Will Twitter Make Us Immoral? Probably Not, But What Will it Make Us?
As the latest sloppy headlines would have it, “twitter makes you coarse and unsympathetic.” Of course, the scientists themselves are disputing those editorial leaps of logic. But the issue is intriguing regardless: there’s no question that radical changes in the way people socialize are going to have an affect on human psychology, particularly developmental psychology. So where’s it all going?
At least in this particular line of research, the basic idea is that developing true empathy, the basis for compassion and moral instincts, requires long-form social interactions and attention.

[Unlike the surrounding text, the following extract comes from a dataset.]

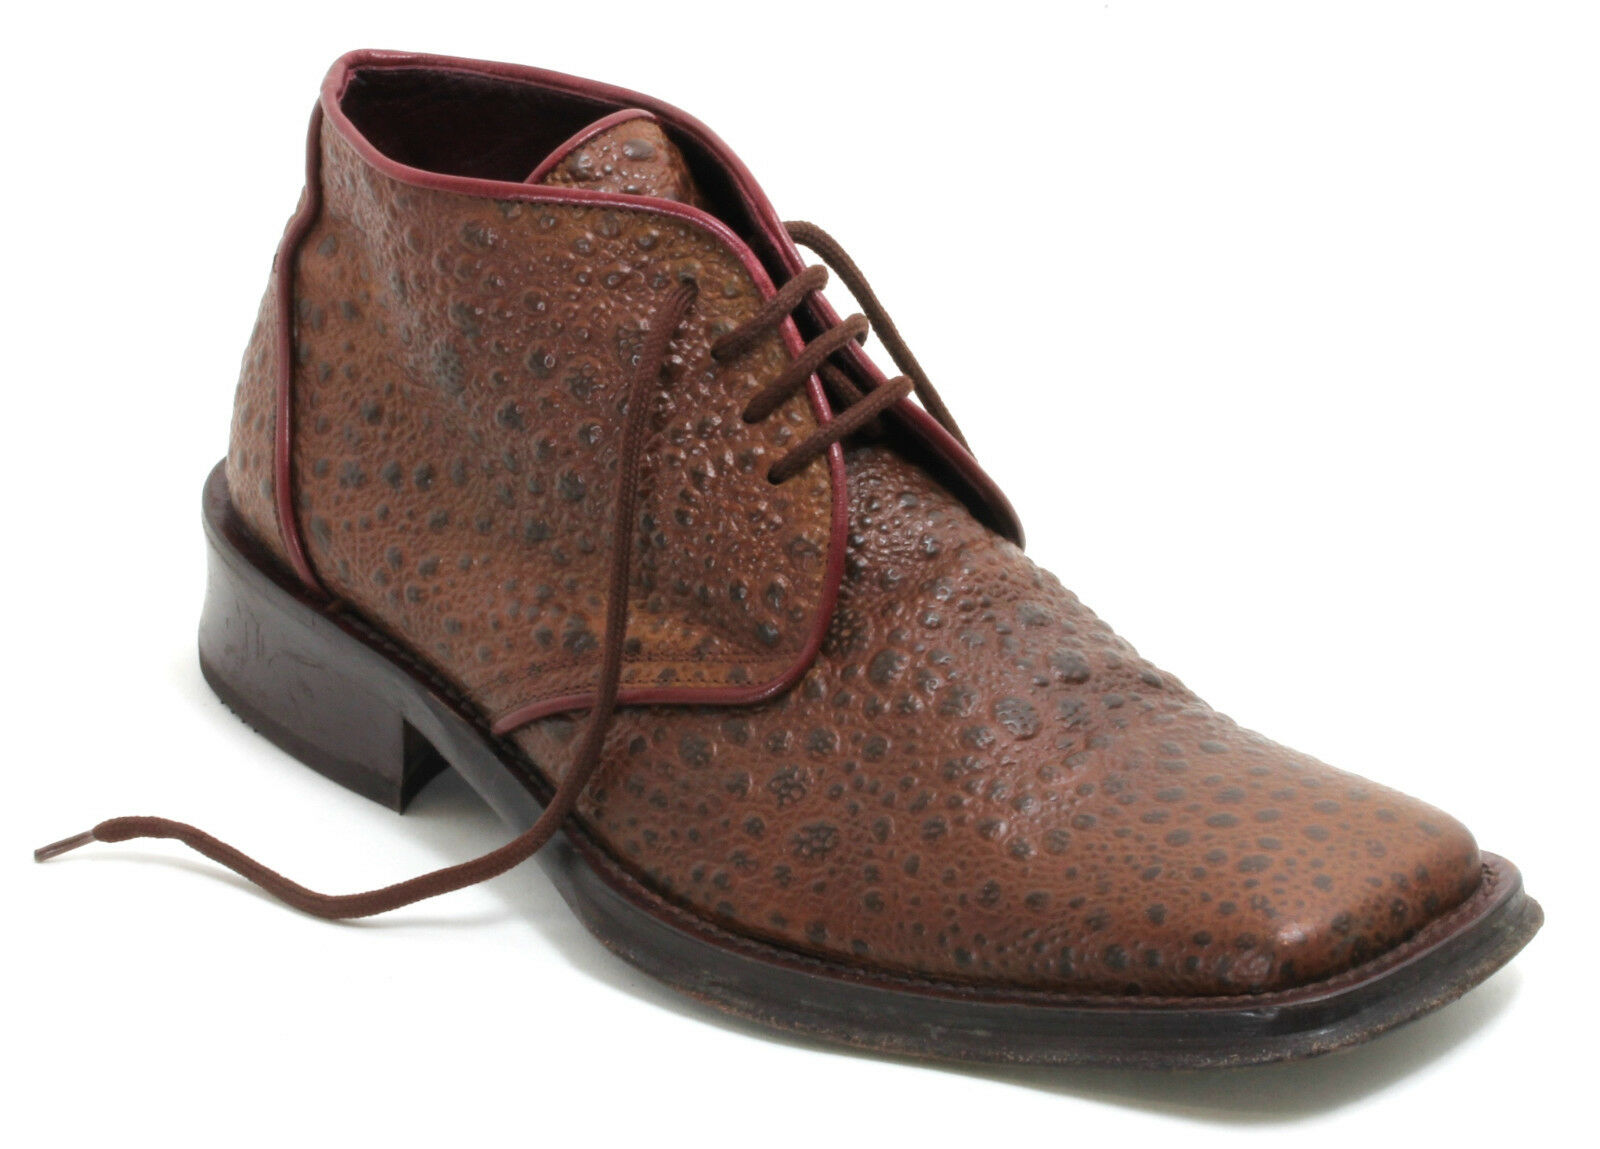 Western botas botas de vaquero solchaga style line Dance semi zapato schnürschuh 42,5

Local TV news snippets regarding violence, disaster may not measure up when it comes to helping children and teenagers develop their moral sense, or other deeper forms of empathetic connection, like admiration. That’s certainly troubling in isolation.
But the key here is realizing that short-form socializing like twitter isn’t truly “short form” when it comes to its overall role in people’s social lives. 140 characters may not be enough to convey real hurt or passion, but that misses the point entirely: most people are producing and consuming hordes of twitters every day. And just as sentences make up paragraphs, and paragraphs make up stories, it’s the ongoing interactions that make up people’s internet lives, not simply the sorts of disjointed snippets that this research covers. Interactive social tools like twitter make people more connected to other people, more involved and invested in each other’s tragedies and triumphs, not less.
And I suspect that things like twitter are only the beginning in any case. In the not too distant future, the next generation is going to be growing up with always-on mobile devices that allow them to talk to virtually anyone, anywhen, text or audio or even video, without the archaic practice of dialing a cell number. Your entire social network right there with you in whatever room they happen to be in, every waking hour. Your IM-style “buddy list” wired directly into every aspect of your life. I don’t know if the prospect is scary or wondrous, but I think it’s almost inevitable.
And so, if anything, what we have to worry about are not children growing up in the absence of deep social interactions, but children who are quite literally never alone, never disconnected from news, friends, and endless information. I don’t think we can even begin to imagine what impact that is going to have on people’s personalities, or even their very sense of self, when the voices in their earpieces are as loud and constant as the voices in their own head.